-- TASK INSTRUCTIONS --
Return the listing exactly. Keep no pictures.

-- DATA SHOWN --
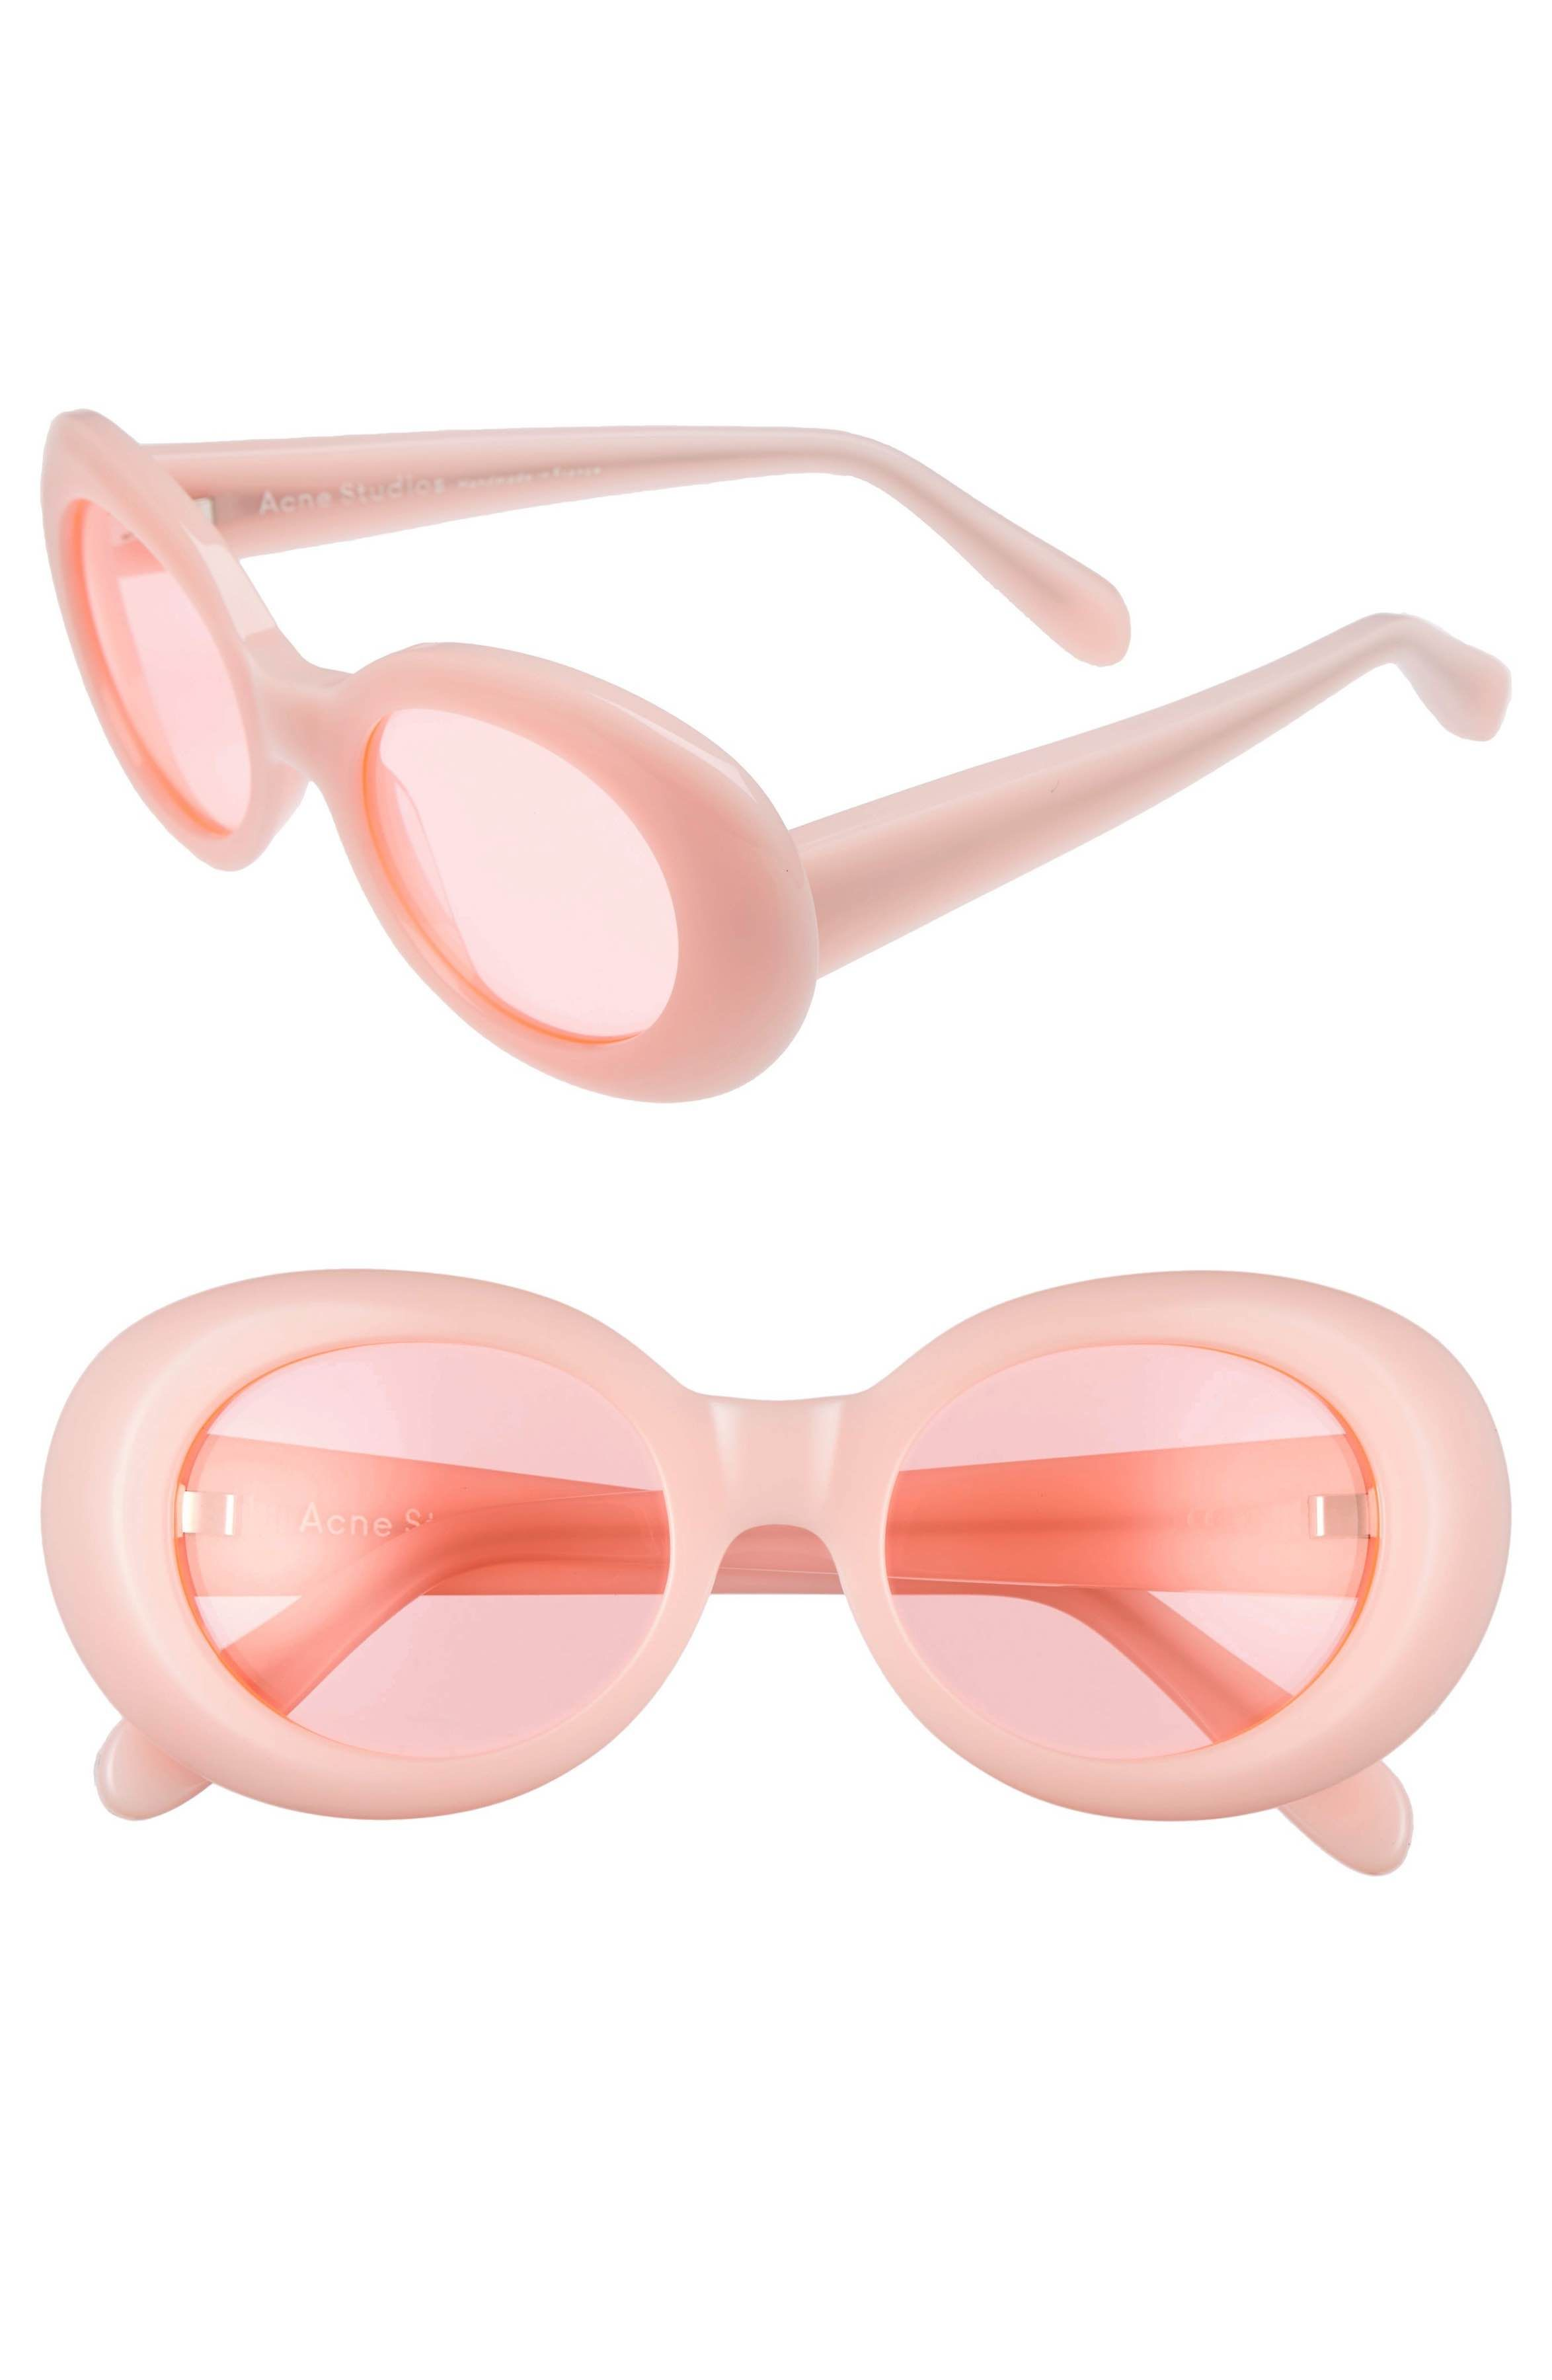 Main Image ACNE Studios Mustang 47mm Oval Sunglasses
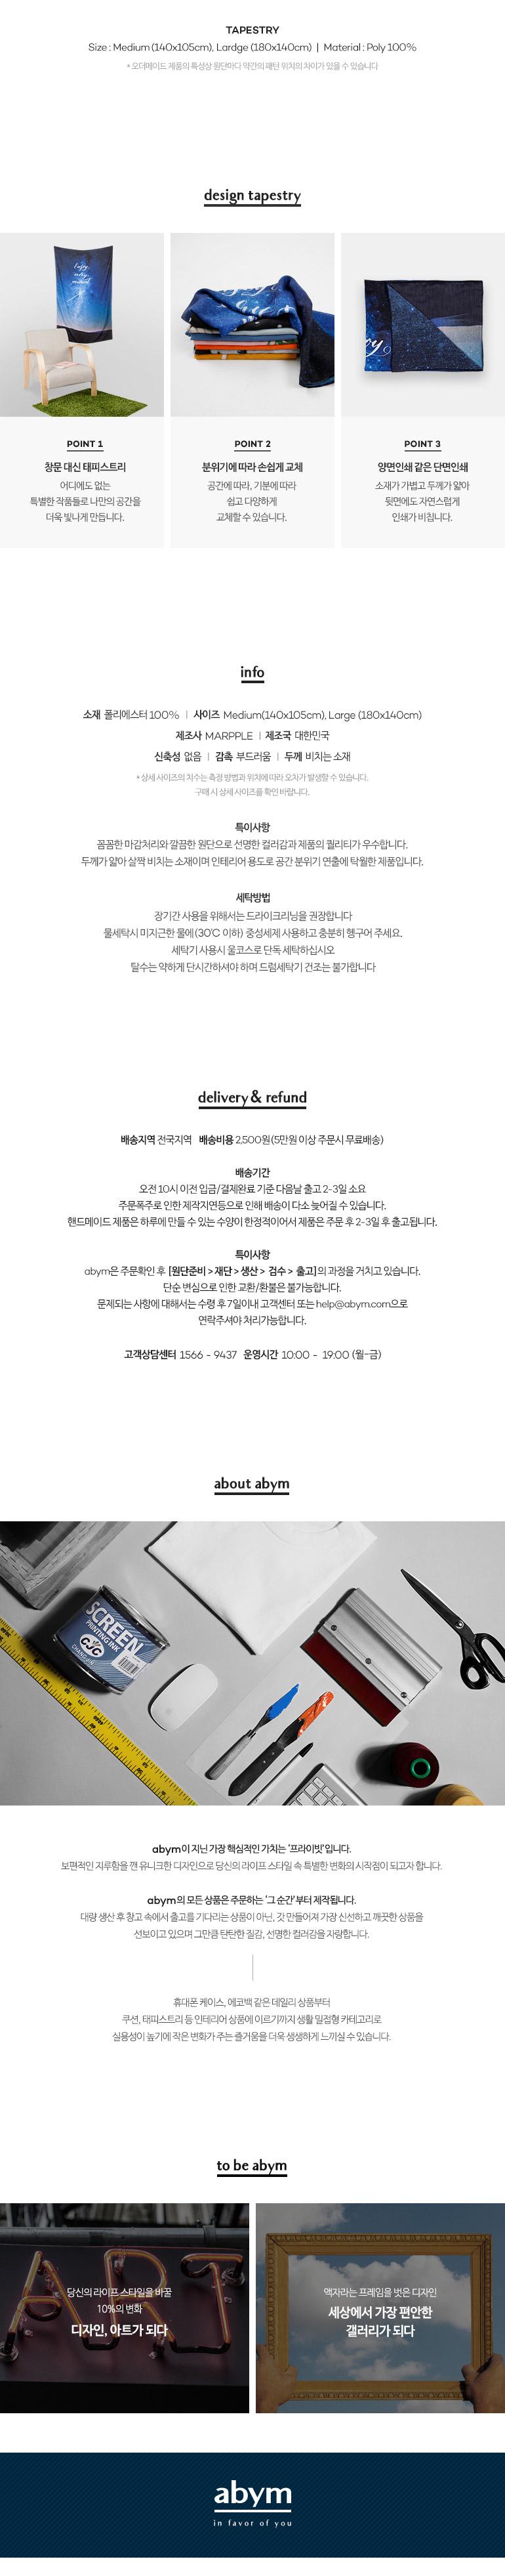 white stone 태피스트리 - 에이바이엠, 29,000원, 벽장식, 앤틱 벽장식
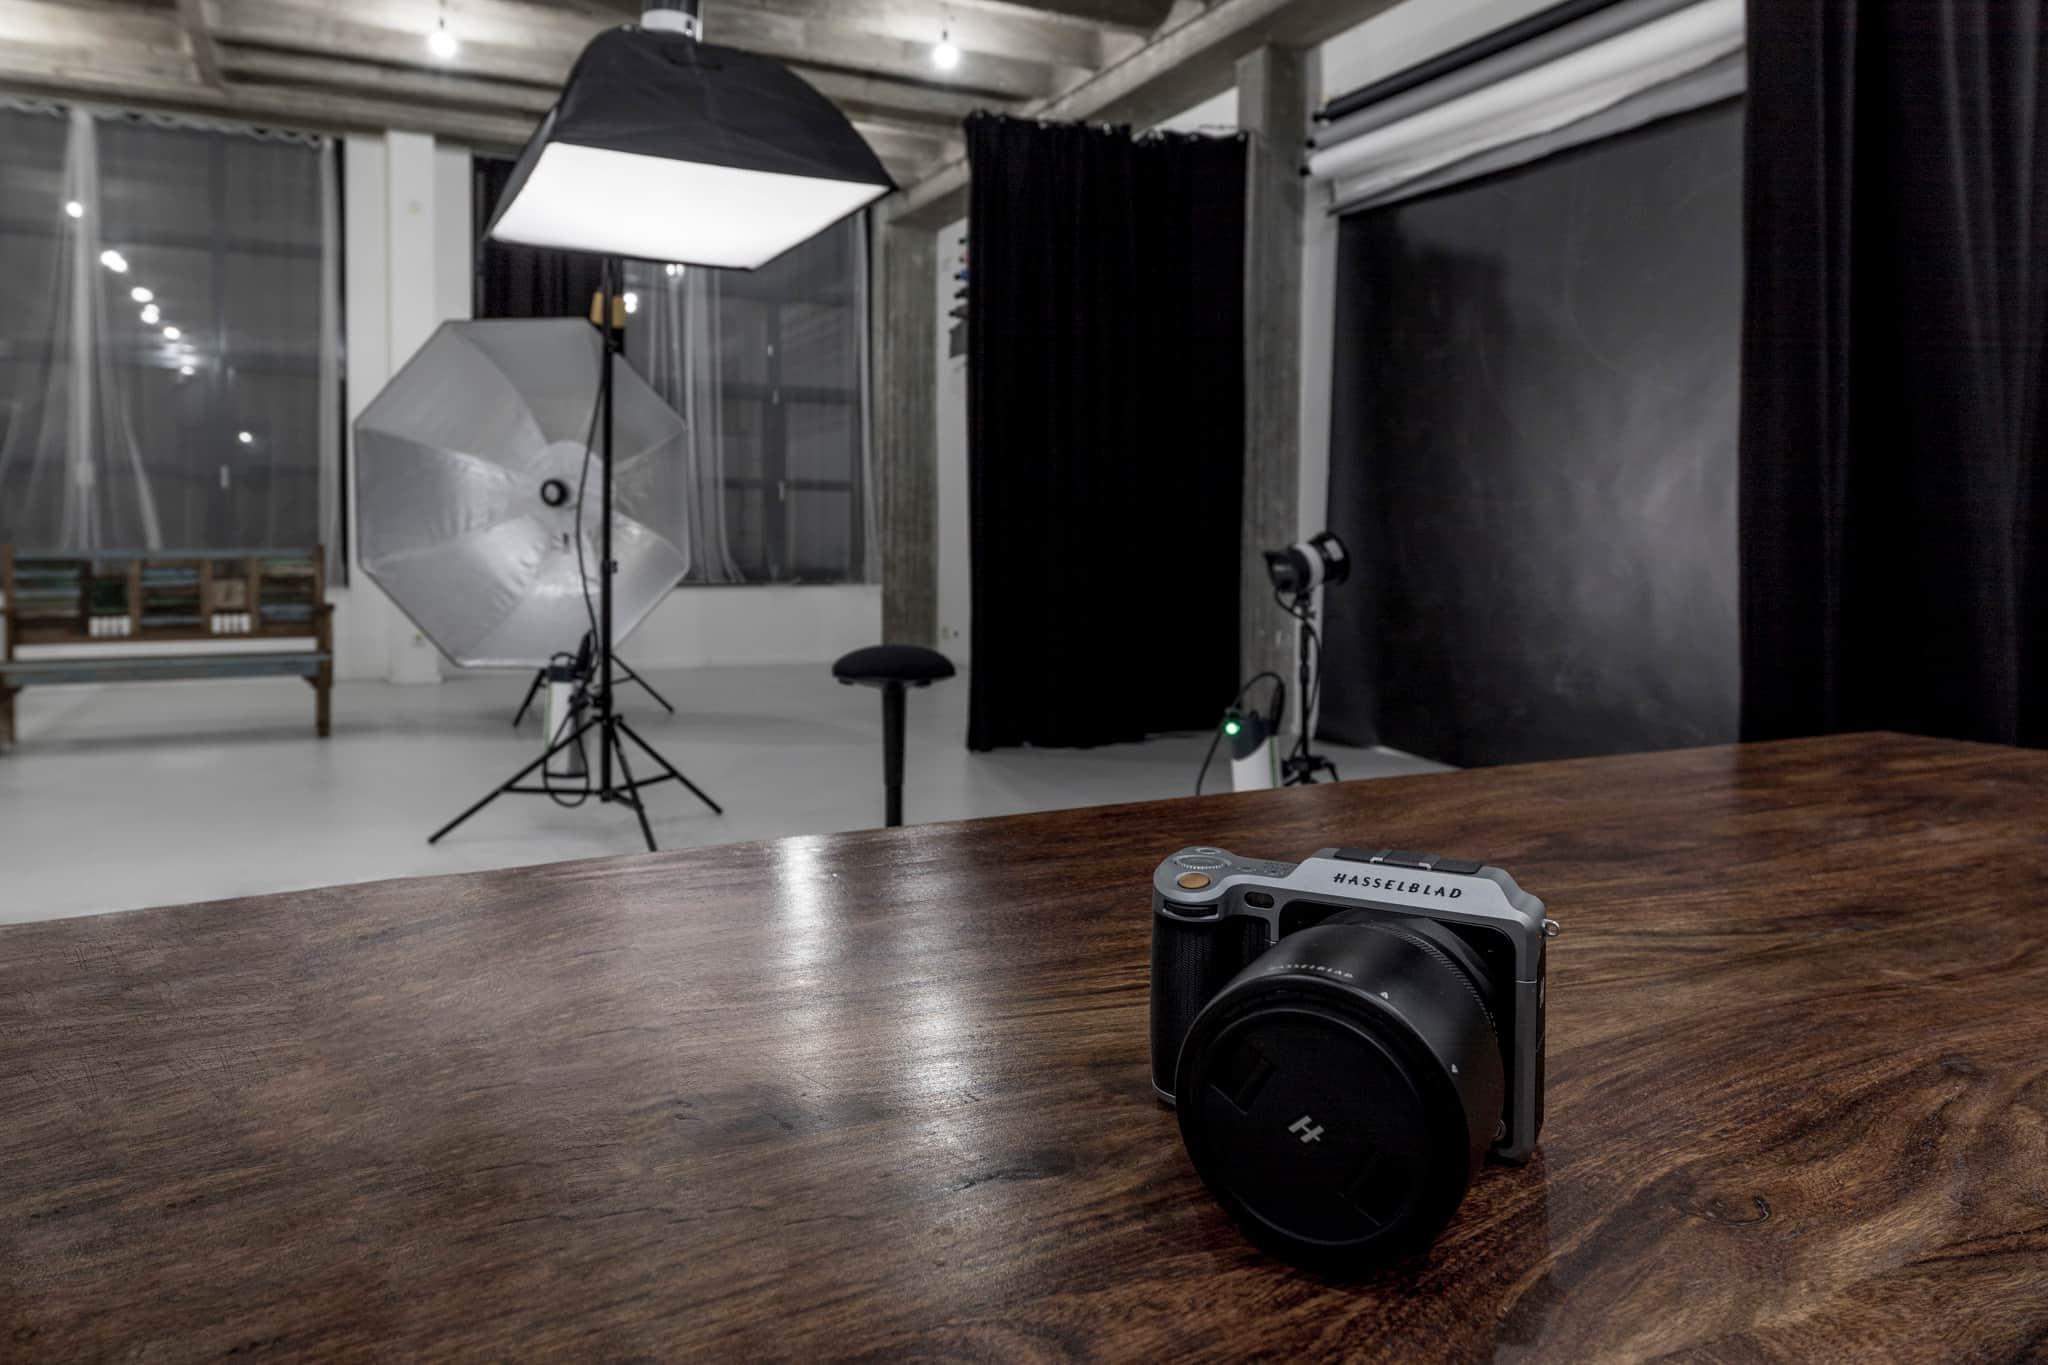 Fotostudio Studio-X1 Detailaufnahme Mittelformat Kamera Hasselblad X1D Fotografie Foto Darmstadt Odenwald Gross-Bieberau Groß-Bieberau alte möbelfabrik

-- RESULT OF THE EXERCISE --
 Main Image ACNE Studios Mustang 47mm Oval Sunglasses
 white stone 태피스트리 - 에이바이엠, 29,000원, 벽장식, 앤틱 벽장식
 Fotostudio Studio-X1 Detailaufnahme Mittelformat Kamera Hasselblad X1D Fotografie Foto Darmstadt Odenwald Gross-Bieberau Groß-Bieberau alte möbelfabrik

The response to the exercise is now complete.